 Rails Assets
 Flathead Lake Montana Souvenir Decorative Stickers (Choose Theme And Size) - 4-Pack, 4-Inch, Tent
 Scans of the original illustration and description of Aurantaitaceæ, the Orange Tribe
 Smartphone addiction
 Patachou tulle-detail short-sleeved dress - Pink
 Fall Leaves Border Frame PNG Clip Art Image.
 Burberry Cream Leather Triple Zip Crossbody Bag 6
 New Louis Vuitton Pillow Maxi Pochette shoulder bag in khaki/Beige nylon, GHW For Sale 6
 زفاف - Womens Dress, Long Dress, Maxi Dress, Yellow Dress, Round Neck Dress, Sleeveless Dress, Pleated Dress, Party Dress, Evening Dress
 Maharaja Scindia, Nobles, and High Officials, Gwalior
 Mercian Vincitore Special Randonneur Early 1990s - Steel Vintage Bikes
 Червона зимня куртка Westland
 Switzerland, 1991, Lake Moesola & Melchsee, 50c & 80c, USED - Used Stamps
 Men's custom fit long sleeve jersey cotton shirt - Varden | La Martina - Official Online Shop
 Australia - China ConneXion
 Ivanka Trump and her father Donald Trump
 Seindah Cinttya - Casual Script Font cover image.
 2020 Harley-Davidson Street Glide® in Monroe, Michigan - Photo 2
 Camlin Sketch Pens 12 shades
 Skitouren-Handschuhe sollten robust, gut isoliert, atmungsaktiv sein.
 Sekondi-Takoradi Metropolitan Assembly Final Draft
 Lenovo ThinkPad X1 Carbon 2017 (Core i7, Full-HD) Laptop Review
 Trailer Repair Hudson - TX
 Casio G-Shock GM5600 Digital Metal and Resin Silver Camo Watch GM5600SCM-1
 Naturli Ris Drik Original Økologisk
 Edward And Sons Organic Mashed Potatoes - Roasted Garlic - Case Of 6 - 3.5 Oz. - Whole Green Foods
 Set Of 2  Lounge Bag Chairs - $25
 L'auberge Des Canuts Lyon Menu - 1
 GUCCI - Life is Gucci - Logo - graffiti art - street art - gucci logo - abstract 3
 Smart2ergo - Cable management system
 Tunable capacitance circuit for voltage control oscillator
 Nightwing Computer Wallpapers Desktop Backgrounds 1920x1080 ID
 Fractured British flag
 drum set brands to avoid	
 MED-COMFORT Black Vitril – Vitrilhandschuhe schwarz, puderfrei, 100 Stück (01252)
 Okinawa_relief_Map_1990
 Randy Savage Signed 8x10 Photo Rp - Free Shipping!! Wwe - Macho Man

*****

PROBLEM DETAILS: Retyping the data above exactly and in full is the task.

RESPONSE AREA:
 Rails Assets
 Flathead Lake Montana Souvenir Decorative Stickers (Choose Theme And Size) - 4-Pack, 4-Inch, Tent
 Scans of the original illustration and description of Aurantaitaceæ, the Orange Tribe
 Smartphone addiction
 Patachou tulle-detail short-sleeved dress - Pink
 Fall Leaves Border Frame PNG Clip Art Image.
 Burberry Cream Leather Triple Zip Crossbody Bag 6
 New Louis Vuitton Pillow Maxi Pochette shoulder bag in khaki/Beige nylon, GHW For Sale 6
 زفاف - Womens Dress, Long Dress, Maxi Dress, Yellow Dress, Round Neck Dress, Sleeveless Dress, Pleated Dress, Party Dress, Evening Dress
 Maharaja Scindia, Nobles, and High Officials, Gwalior
 Mercian Vincitore Special Randonneur Early 1990s - Steel Vintage Bikes
 Червона зимня куртка Westland
 Switzerland, 1991, Lake Moesola & Melchsee, 50c & 80c, USED - Used Stamps
 Men's custom fit long sleeve jersey cotton shirt - Varden | La Martina - Official Online Shop
 Australia - China ConneXion
 Ivanka Trump and her father Donald Trump
 Seindah Cinttya - Casual Script Font cover image.
 2020 Harley-Davidson Street Glide® in Monroe, Michigan - Photo 2
 Camlin Sketch Pens 12 shades
 Skitouren-Handschuhe sollten robust, gut isoliert, atmungsaktiv sein.
 Sekondi-Takoradi Metropolitan Assembly Final Draft
 Lenovo ThinkPad X1 Carbon 2017 (Core i7, Full-HD) Laptop Review
 Trailer Repair Hudson - TX
 Casio G-Shock GM5600 Digital Metal and Resin Silver Camo Watch GM5600SCM-1
 Naturli Ris Drik Original Økologisk
 Edward And Sons Organic Mashed Potatoes - Roasted Garlic - Case Of 6 - 3.5 Oz. - Whole Green Foods
 Set Of 2  Lounge Bag Chairs - $25
 L'auberge Des Canuts Lyon Menu - 1
 GUCCI - Life is Gucci - Logo - graffiti art - street art - gucci logo - abstract 3
 Smart2ergo - Cable management system
 Tunable capacitance circuit for voltage control oscillator
 Nightwing Computer Wallpapers Desktop Backgrounds 1920x1080 ID
 Fractured British flag
 drum set brands to avoid	
 MED-COMFORT Black Vitril – Vitrilhandschuhe schwarz, puderfrei, 100 Stück (01252)
 Okinawa_relief_Map_1990
 Randy Savage Signed 8x10 Photo Rp - Free Shipping!! Wwe - Macho Man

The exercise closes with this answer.